++++ INFORMATION PROVIDED ++++

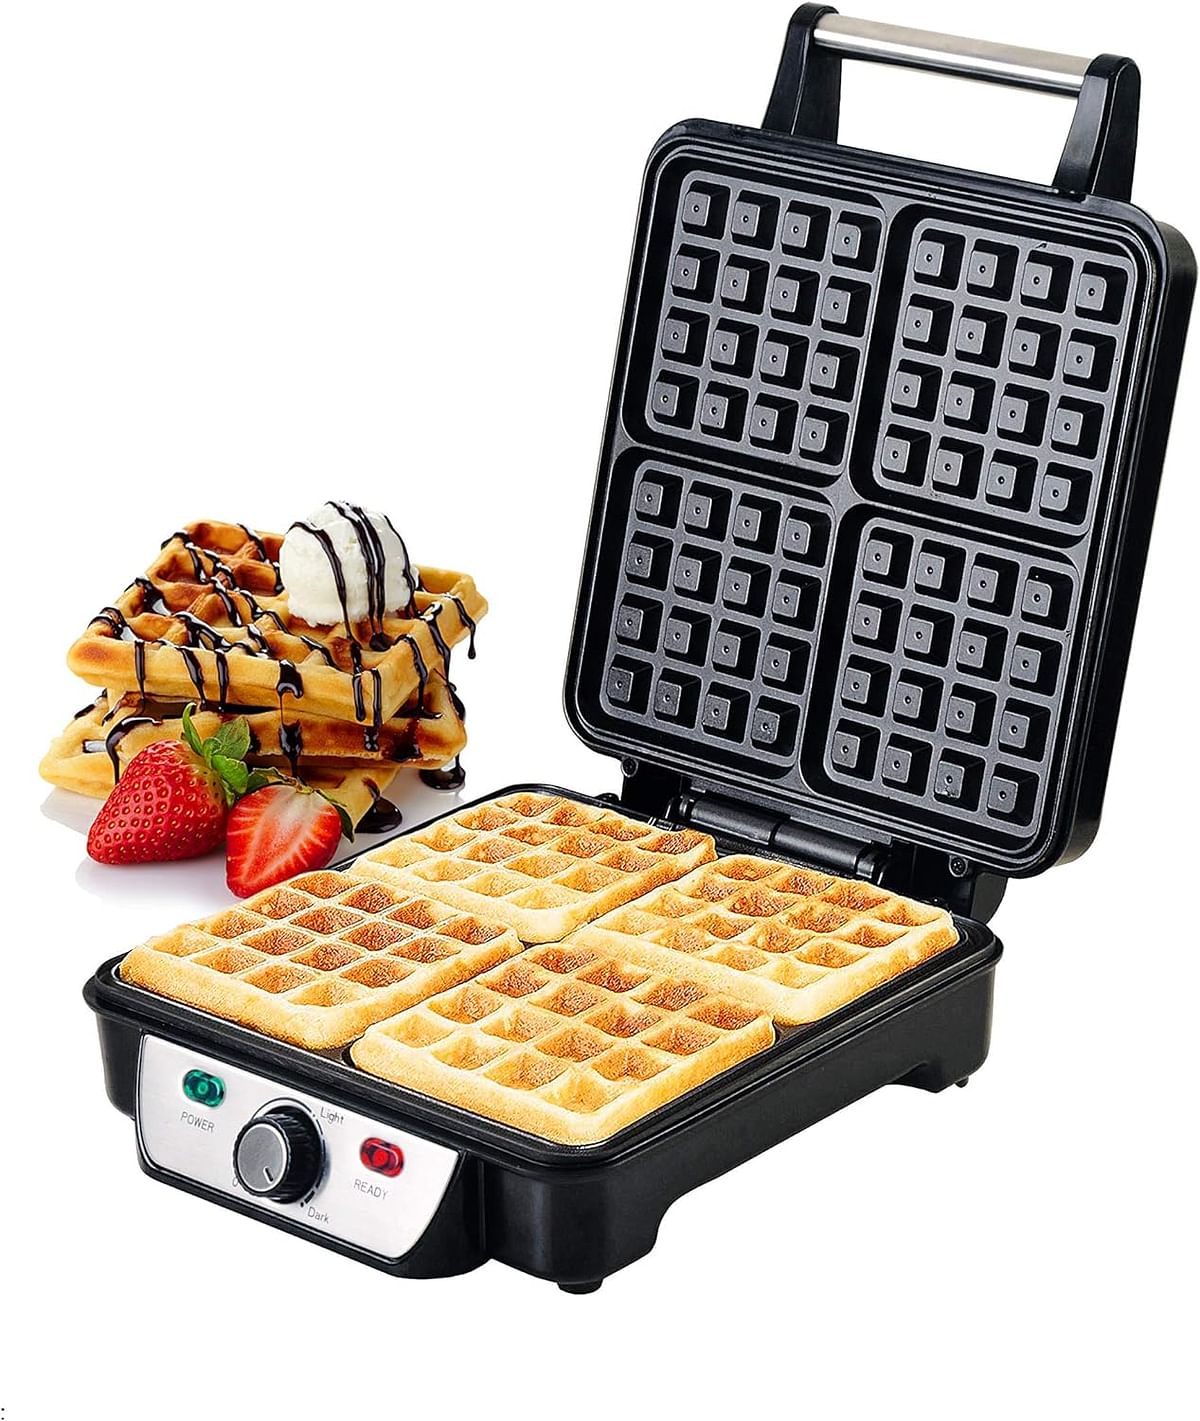 Geepas GWM5417 Electric Waffle Maker 1100W- 4 Slice Non-Stick Electric Belgian Waffle Maker with Adjustable Temperature Control
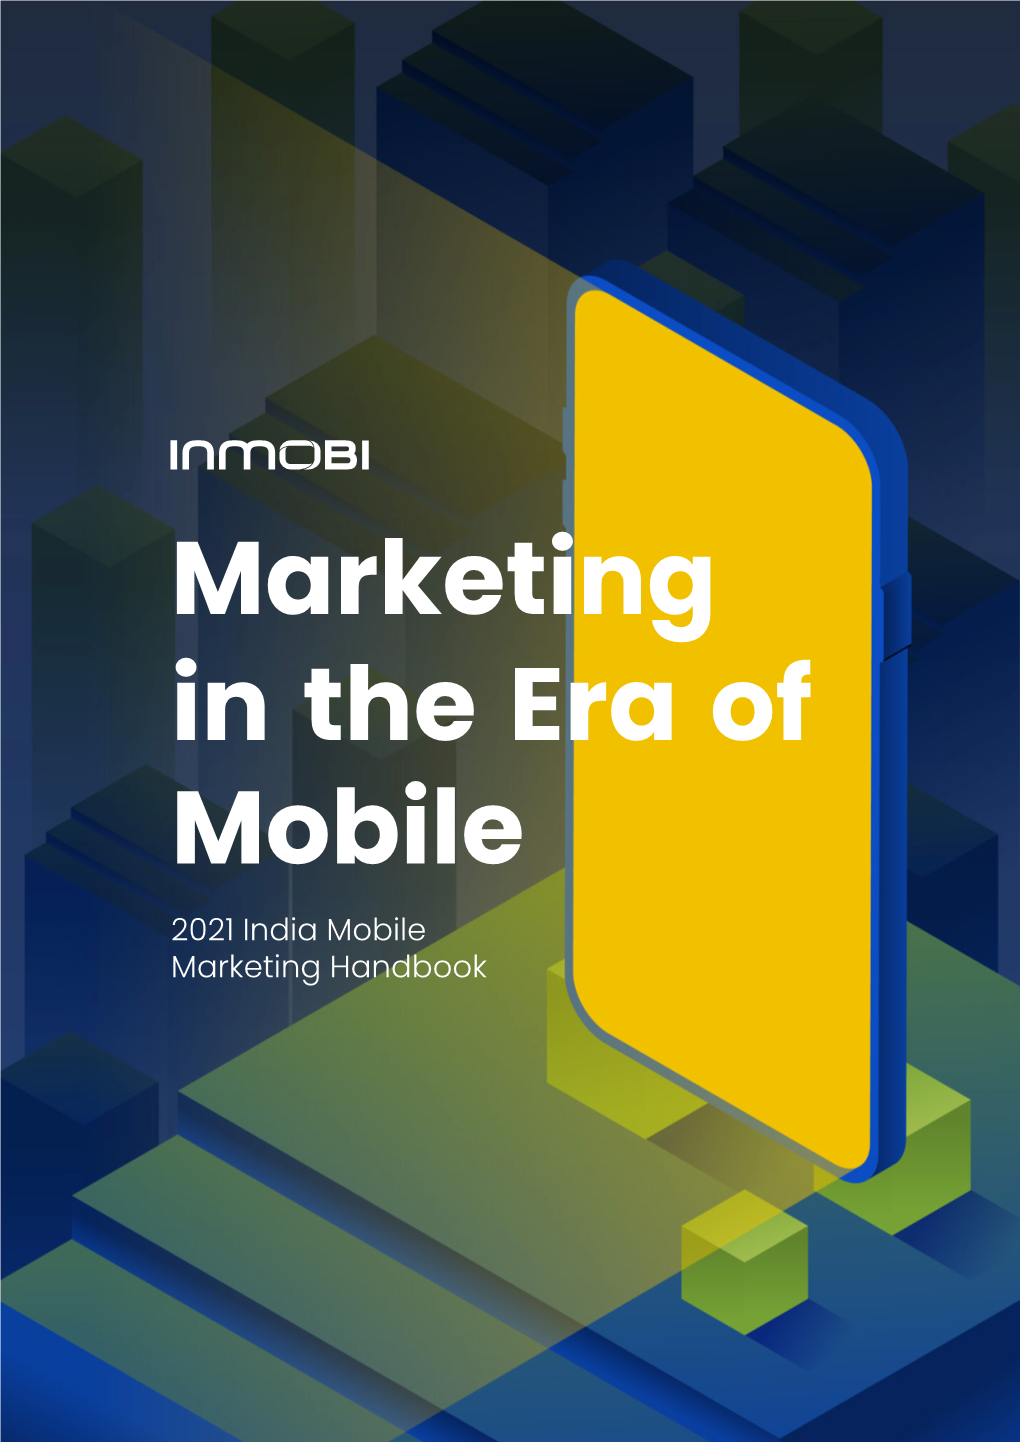 2021 India Mobile Marketing Handbook Content
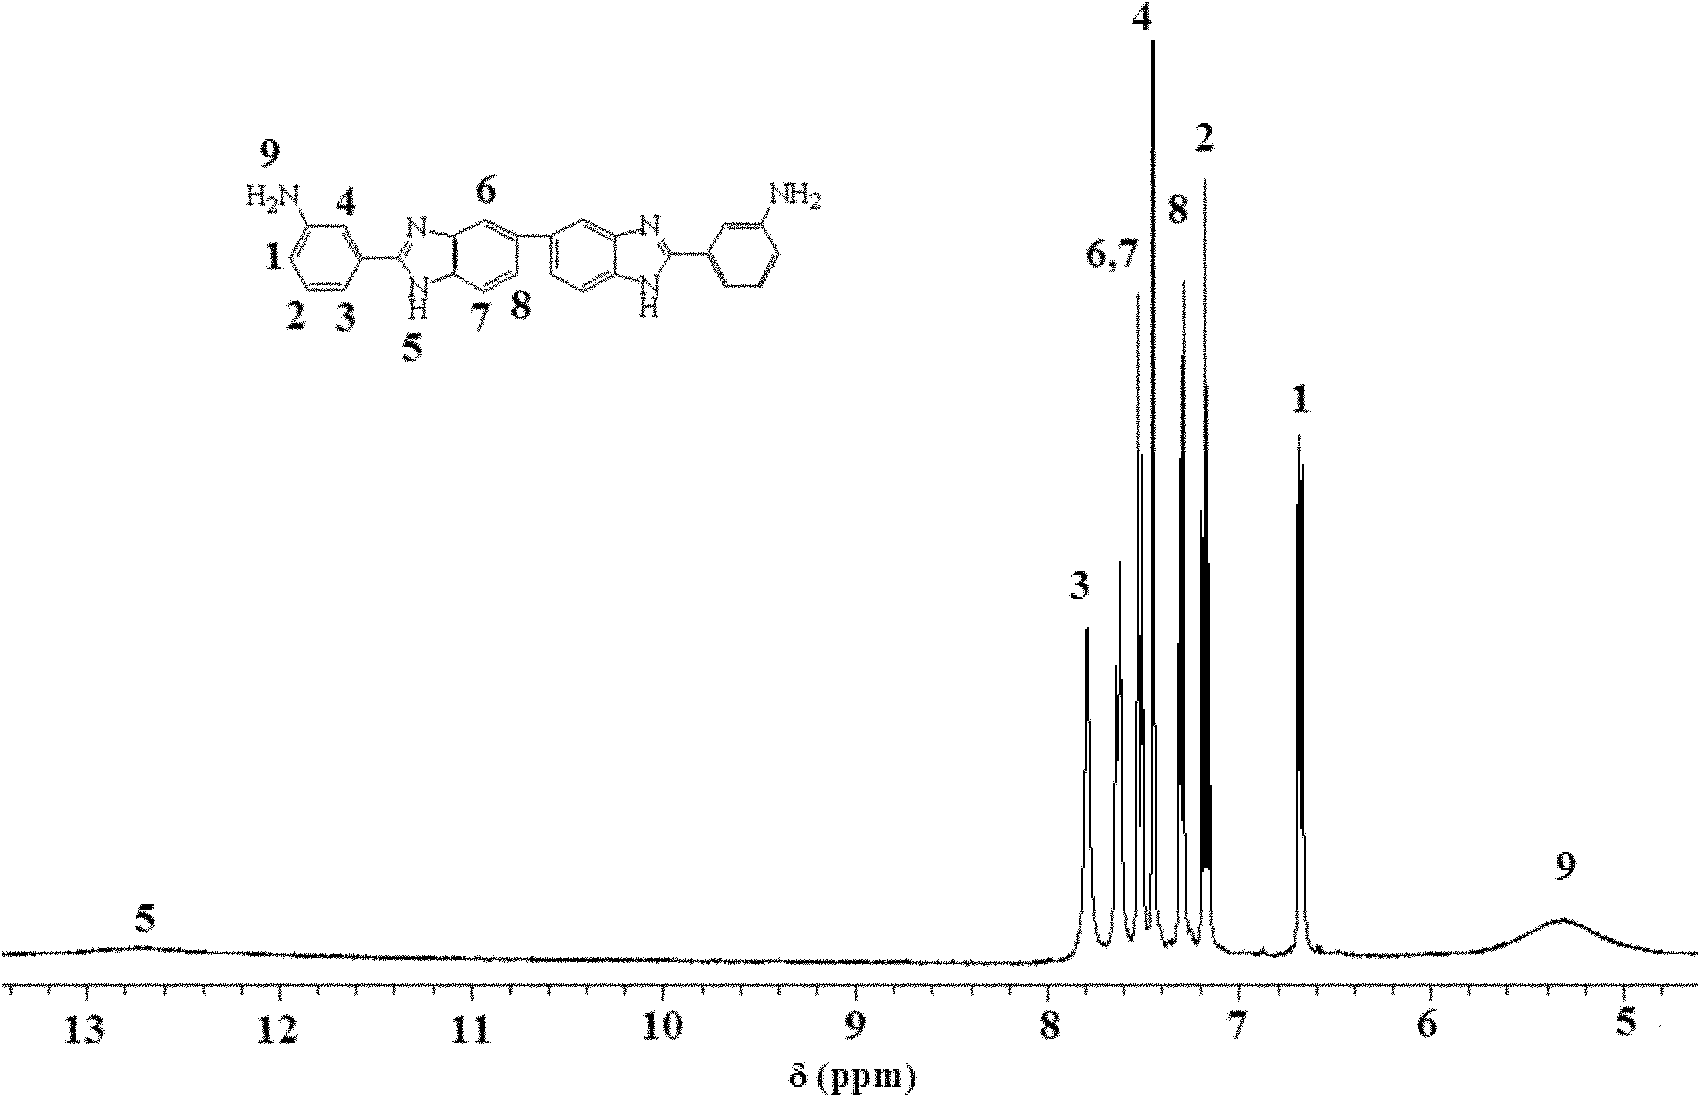 Aromatic diamine containing imidazolyl and preparation method thereof

++++

Word for word, reproduce all of the data, but keep out the pictures.

 Geepas GWM5417 Electric Waffle Maker 1100W- 4 Slice Non-Stick Electric Belgian Waffle Maker with Adjustable Temperature Control
 2021 India Mobile Marketing Handbook Content
 Aromatic diamine containing imidazolyl and preparation method thereof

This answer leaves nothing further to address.